Sunday, April 3, 2011

Orozco paints Migration and we make a migration south ourselves

So white around here still so I painted in oranges and blues just to see the colors.  Enlivened me.  Oil on cradled board 12x12.  I call it Finding Water in the Desert or maybe Seeking is the word to use.

When we woke today the sun was shining and the skies were clear...what a change.  Maybe the day for a migration south to find lands touched by springtime.  I remember going to Hanover, NH when the boys were small just to "smell the flowers".  Could this work again?  We headed the car south saying goodbye to snow buried fields and the neutral colored landscape.  Dartmouth, what have you to offer us on this Sunday in early April?

What?  No shows up in the Hopkins Center!  The Baker Library then for the Orozco Murals, 1932 to 1934, The Epic of American Civilization in the rather musty smelling resource room.
Left panel, Ancient Human Migration, and then of course the Aztec rituals...powerful pieces, lasting well these 80 years, but a somber power.  We made our trip around the room and then needed to head for fresh air, even with the biting wind....not really spring yet in Hanover.  Darn!
I did find this treasure for my camera's eye.  That mighty iphone can do the trick.  Isn't this fellow grand?

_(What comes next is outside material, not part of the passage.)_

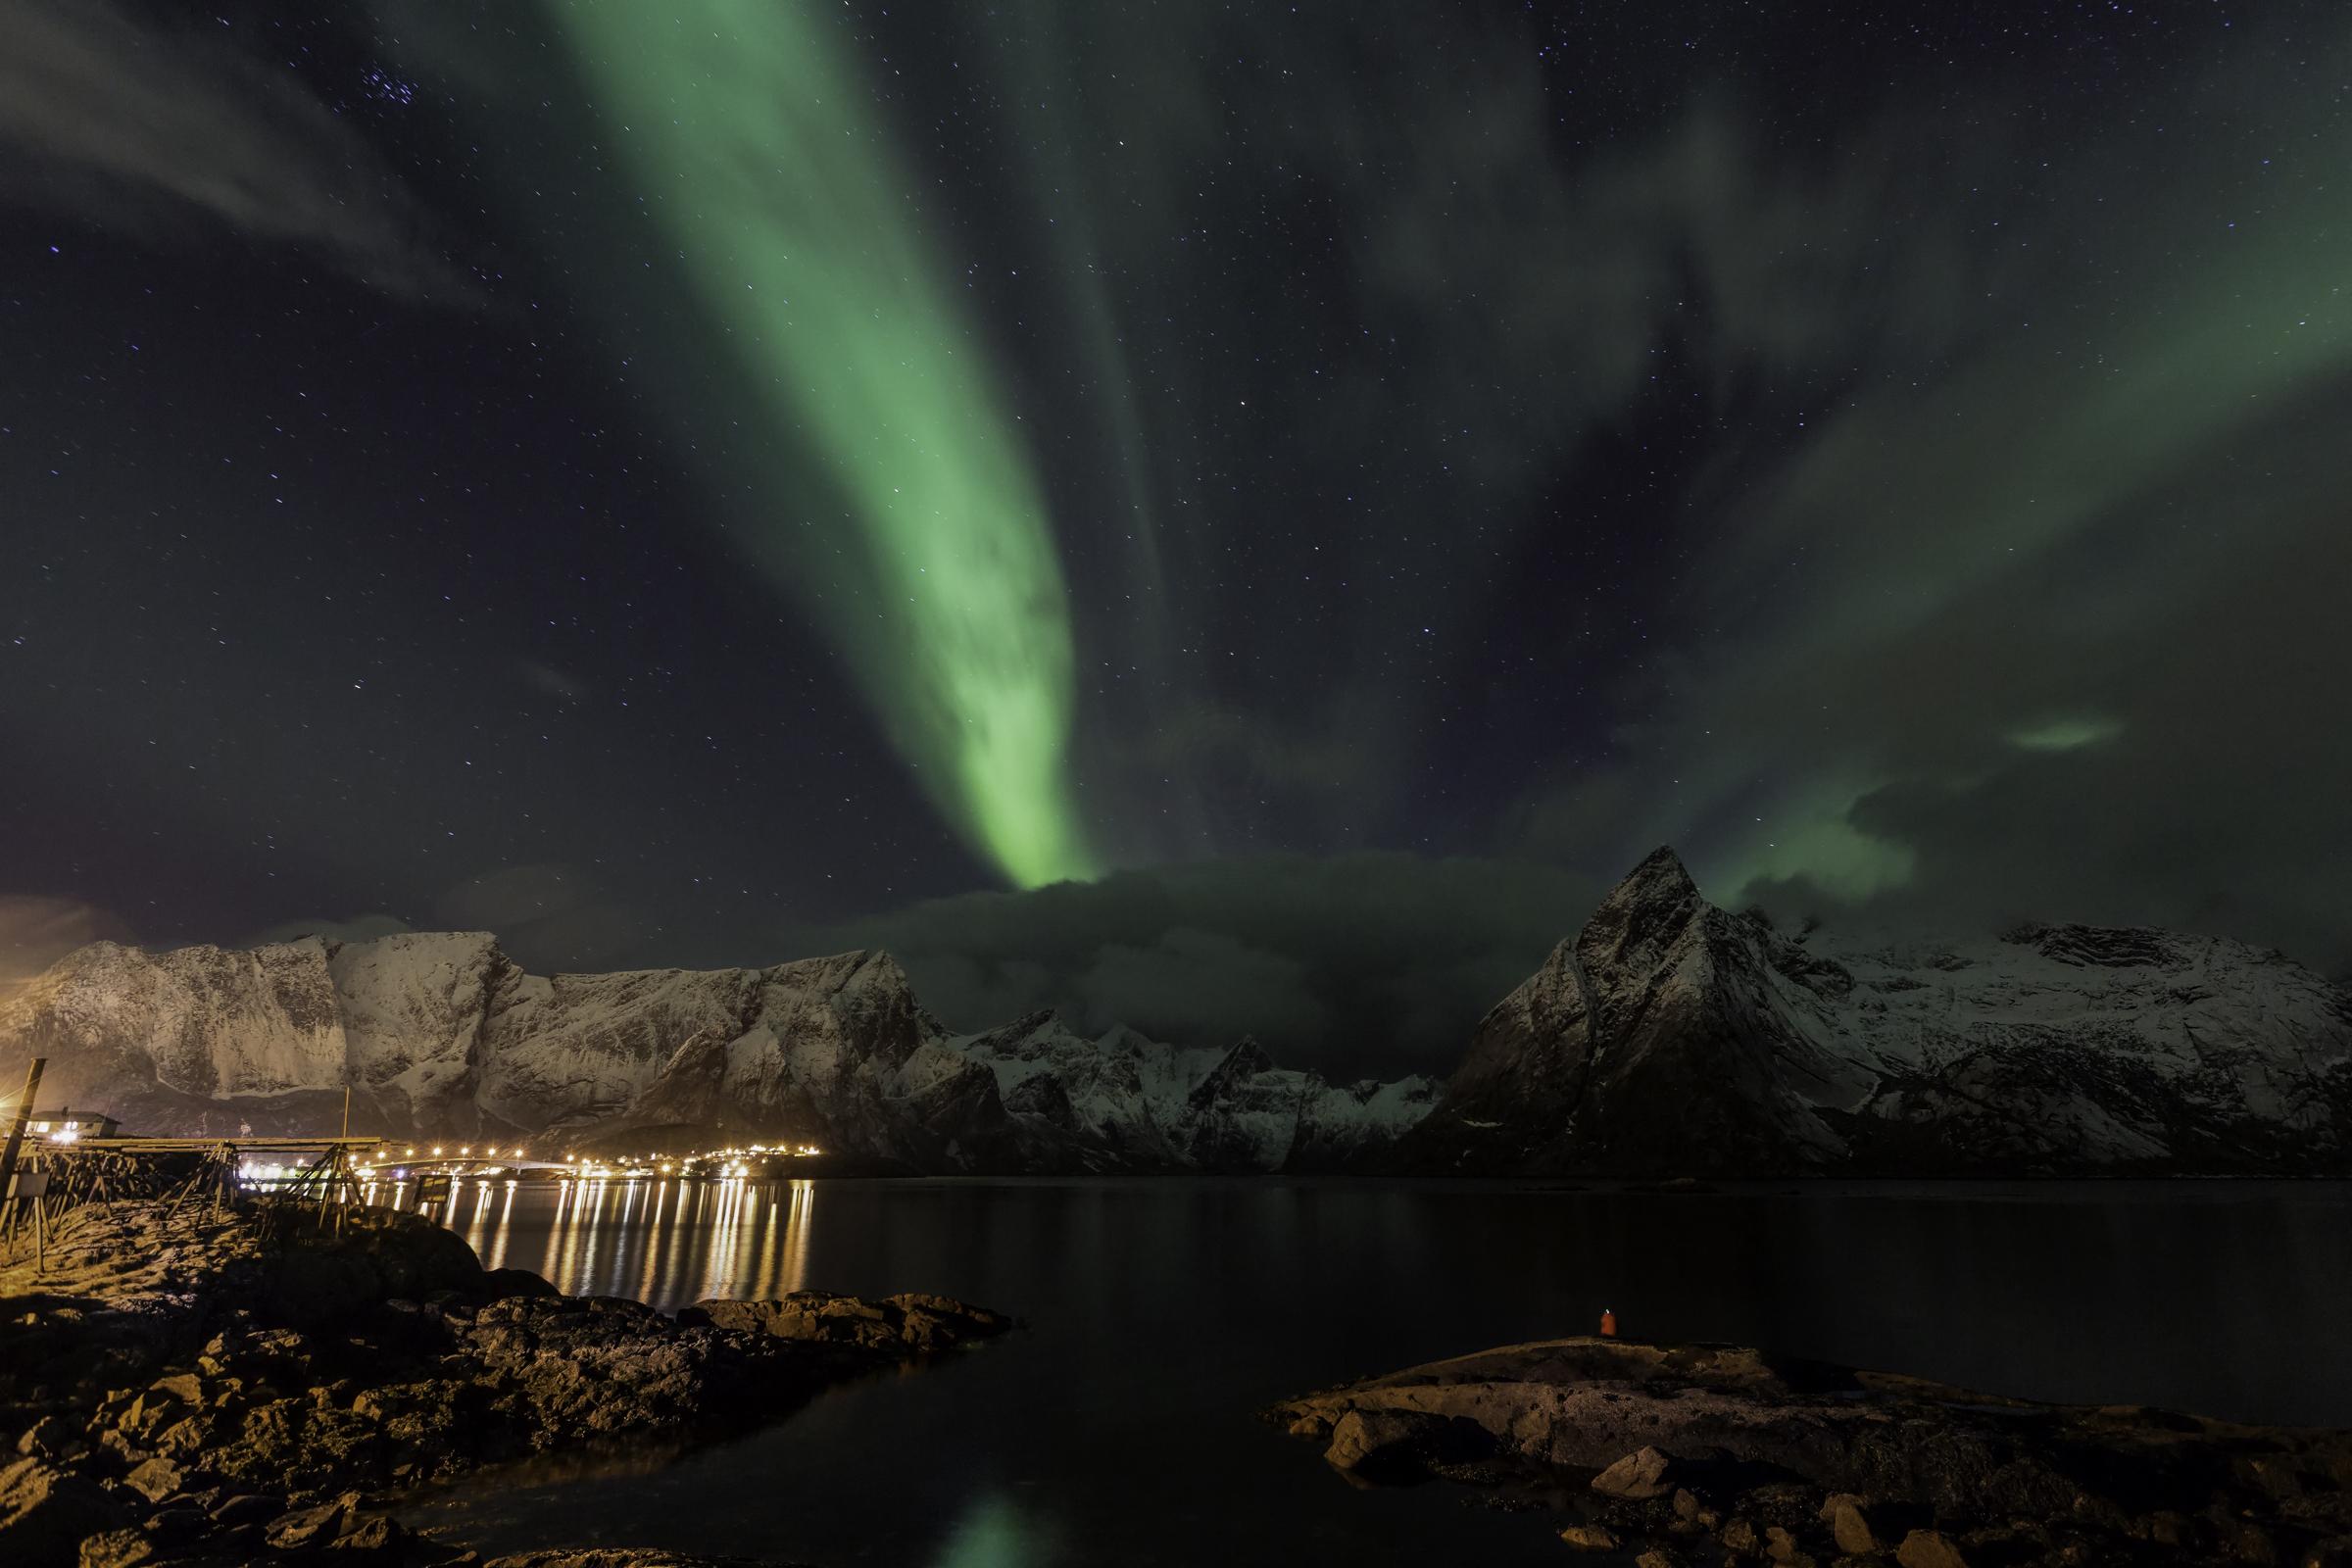 TKeyes_TKeyes_Norway~0020-2.jpg

Went to the Hood Museum where the whole second floor was not open because the new shows were not installed yet, but I was happy to see this Allen Hauser...maybe I didn't spell that right.  Is anyone looking?  I know his work from the "American Indian Museum" in  WDC and from Santa Fe...very recognizable and calm.

Finally found a quiet place from lunch in a back alley where the tourists and young folks about the collage didn't go...satisfying revival, then a walk by the river, the grand Connecticut which runs between NH and Vermont.
 Just look at the colors I saw there, red ozure and that blue of the water.  Amazing how similar it is to my painting posted first.  How can this be?
We found the path which led under the bridge and there in the shadow lay the last few ice flows washed ashore, still preserved to remind us that winter had so recently been covering these waters.

When we got back to our ice mountain, north faced land, we saw that the ice was crumbling a bit and more tiny green shoots were daring to poke above ground at the house foundation.  Dare we hope that spring will thrill us soon?

4 comments:

Jayne Shoup said...

April is a cruel month, two steps forward, then one back. Glad you found color along the Connecticut, Maggie! Soon we will be all smiles with green everywhere, and flowers!

Maggie Neale said...

Thanks Jayne...let us hope so. Today, talk about cruel! Be well.

Debbie said...

Next time you are in Hanover, check out the Spheris Gallery near the movie theatre. A very good gallery with usually interesting work.

I feel the same as you about collapsing barns, and houses. I have commented on that in some of my postings at my blof http://reesepaintings.blogspot.com

Maggie Neale said...

Thanks Debbie for your comment. I did go to Spheris but it was closed on Sunday. I'll make a visit to your blog.